The Consumer Protection Act, 1986 (here in after to be referred to as the Act) is one of the benevolent social legislation intended to protect the large body of consumers from exploitation. The Act has come as a panacea for consumers all over the country and has assumed the shape of practically the most important legislation enacted in the country during the last few years. It has become the vehicle for enabling people to secure speedy and in-expensive redressal of their grievances. With the enactment of this law, consumers now feel that they are in a position to declare "sellers be aware" whereas previously the

consumers were at the receiving end and generally told "buyers be aware". The Act postulates establishment of Central Consumer Protection Council and the State Consumer Protection Councils for the purpose of spreading consumer awareness. Central Council is headed by Minster-in-charge of the Consumer Affairs in the Central Government and in the State it is the Minister-in-charge of the Consumer Affairs in the State Government who heads State Council. To provide cheap, speedy and simple redressal to consumer disputes, quasi-judicial machinery is set up at each District, State and National levels called District Forums, State Consumer Disputes Redressal Commission and National Consumer Disputes Redressal Commission respectively.
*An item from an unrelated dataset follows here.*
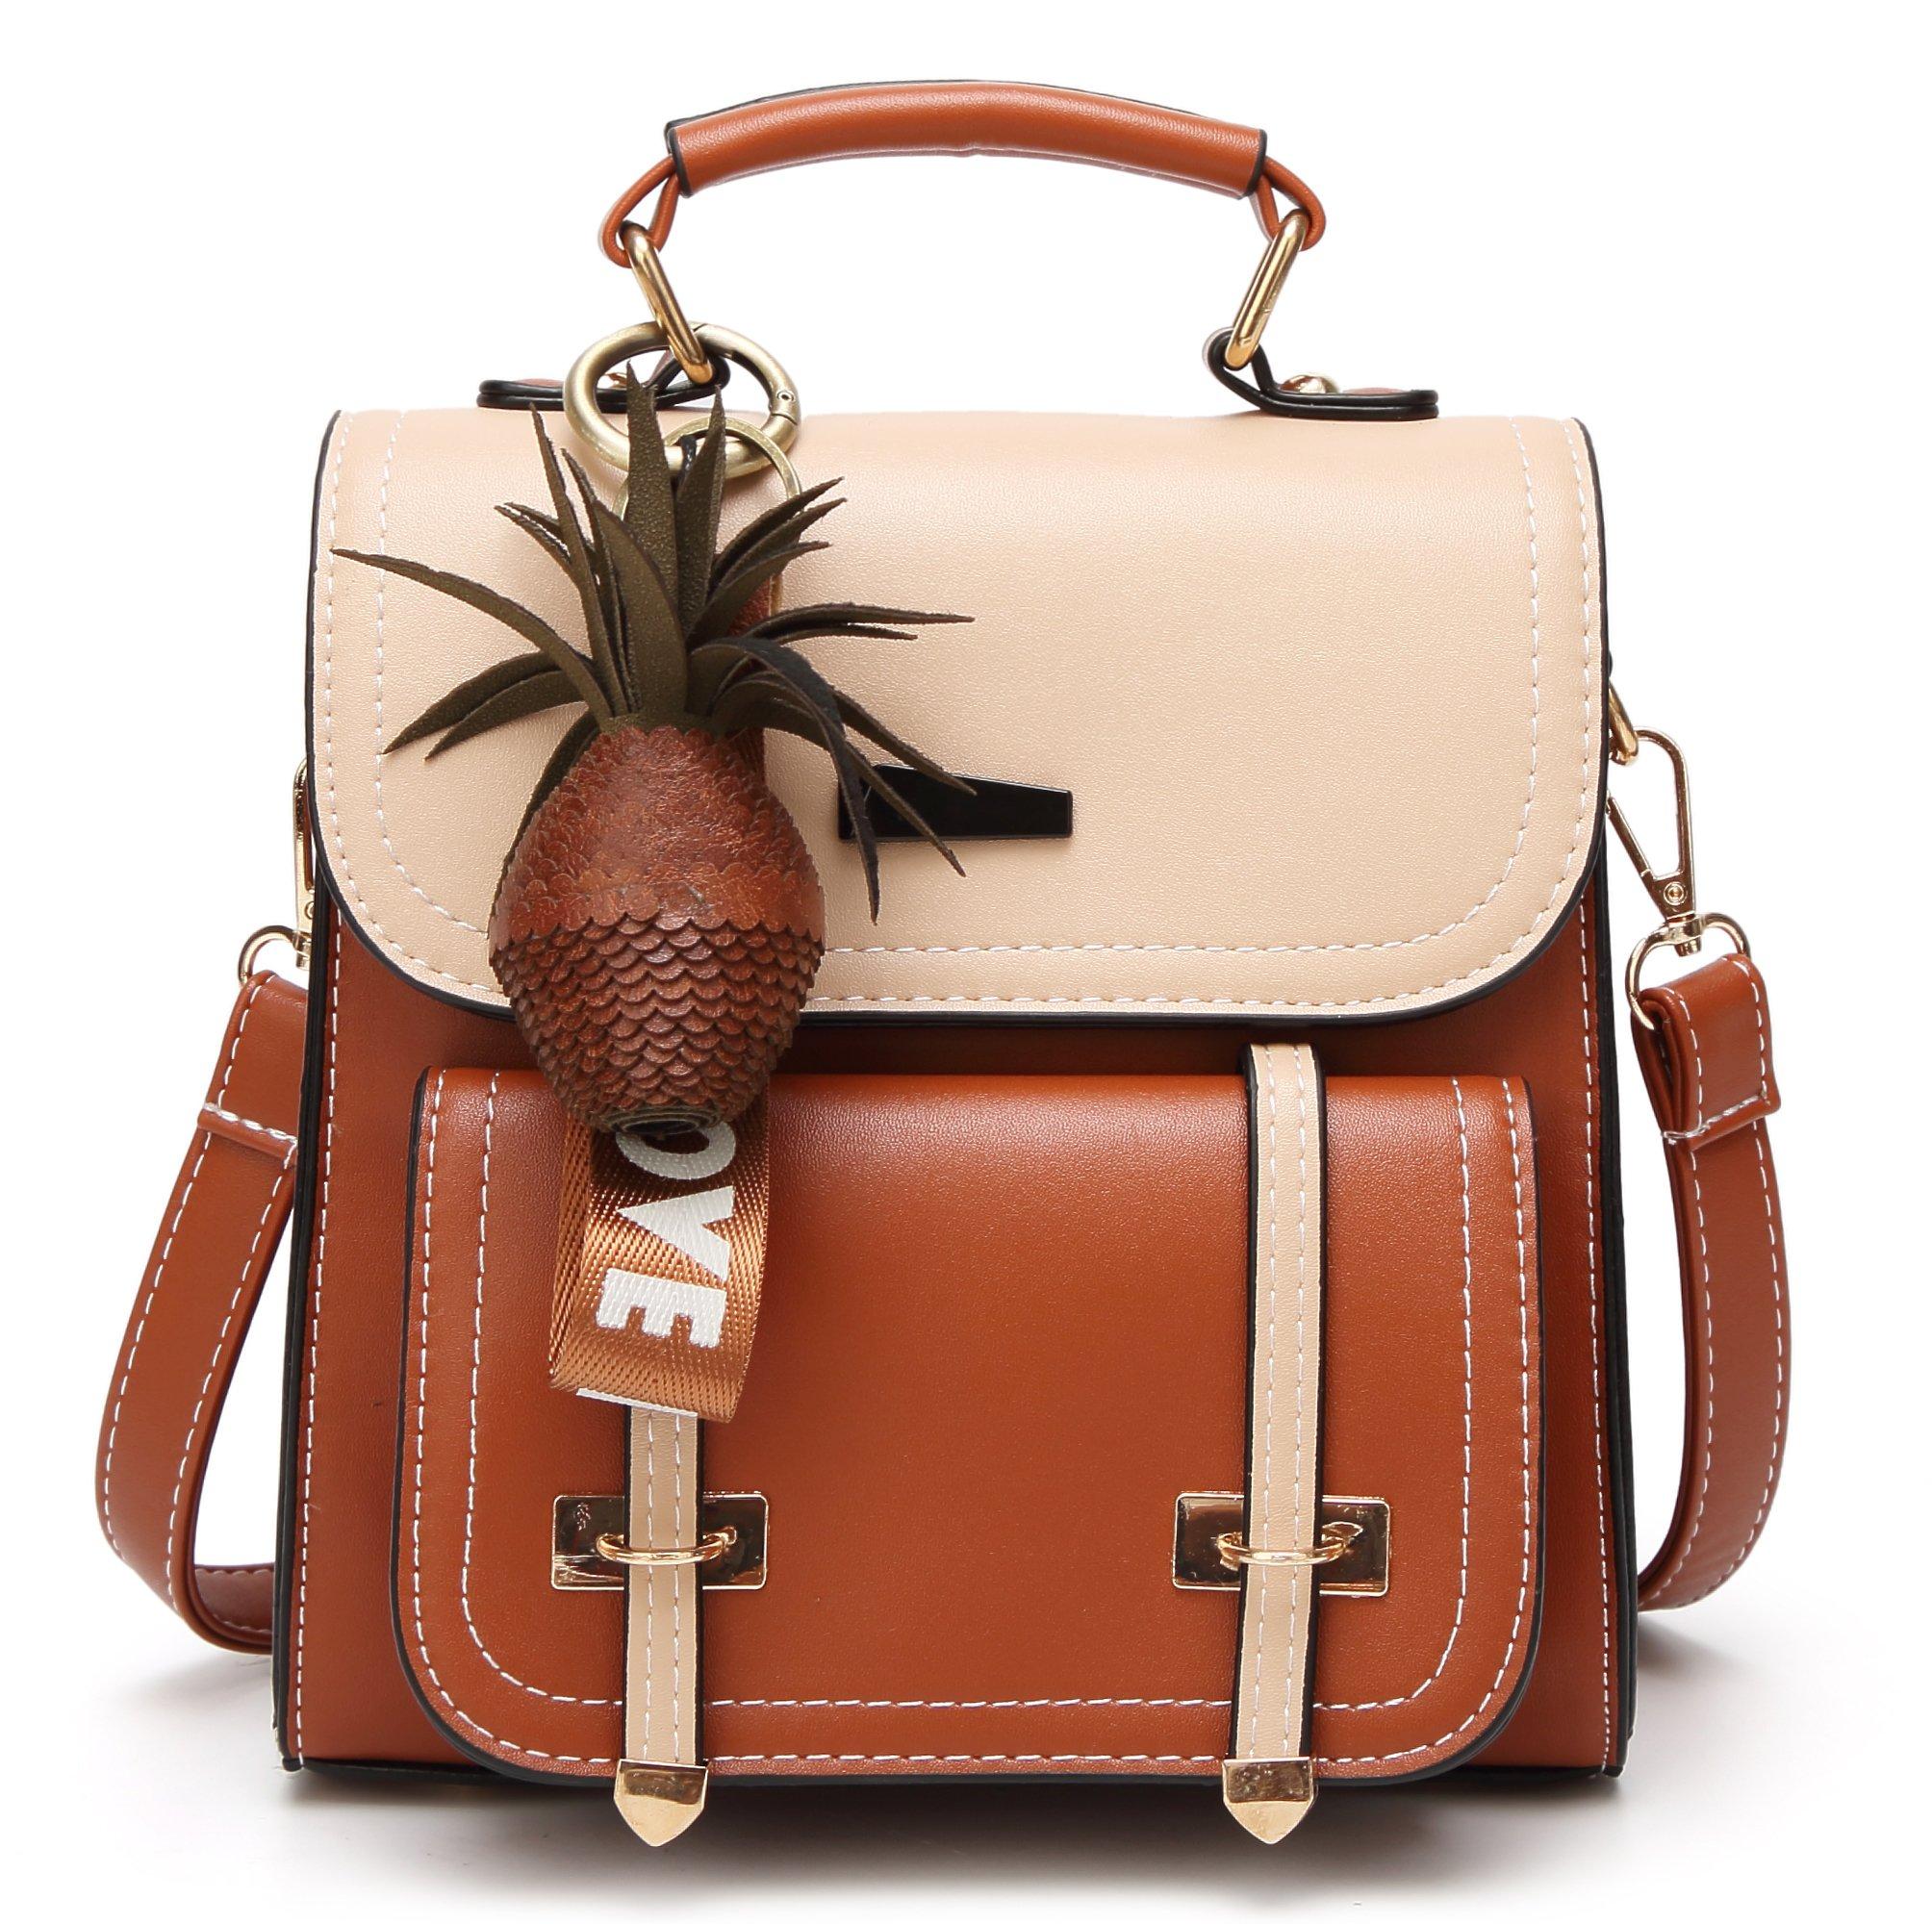 Small Backpack Purse Women Satchels Handbag Fashion Travel Bag (Brown-khaki)
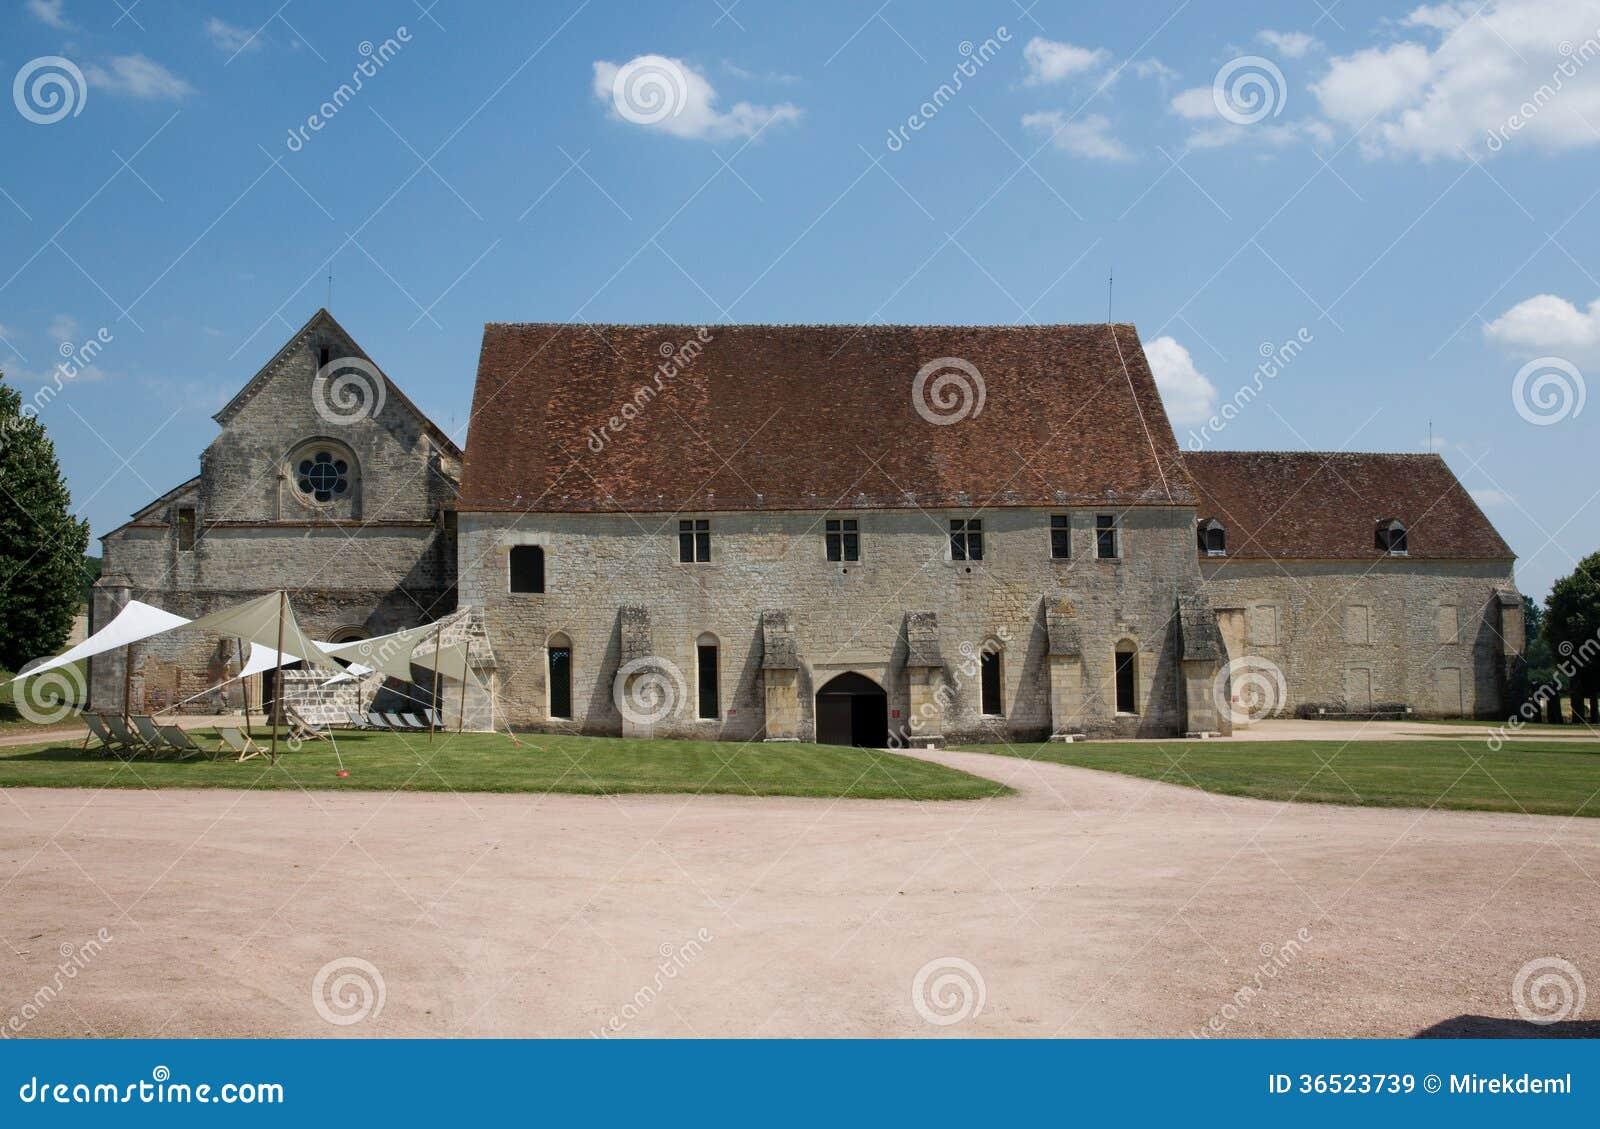 Noirlac, France

GENERAL INSTRUCTIONS TO CONSUMERS 1. The Consumer must demand or obtain bill after purchase of any product. 2. He must take Warranty as well as Guaranty for the product obtained by him. 3. He must check the Date of Manufacturing Date as well as Manufacture and expiry Date of the products before purchasing of the product 4. In case of purchasing of any property like site, building i.e. house, apartment he must go through title deed of property, other documents related to land or building. 5. In case of Chits, he must go through the terms & Conditions of the chit and other things.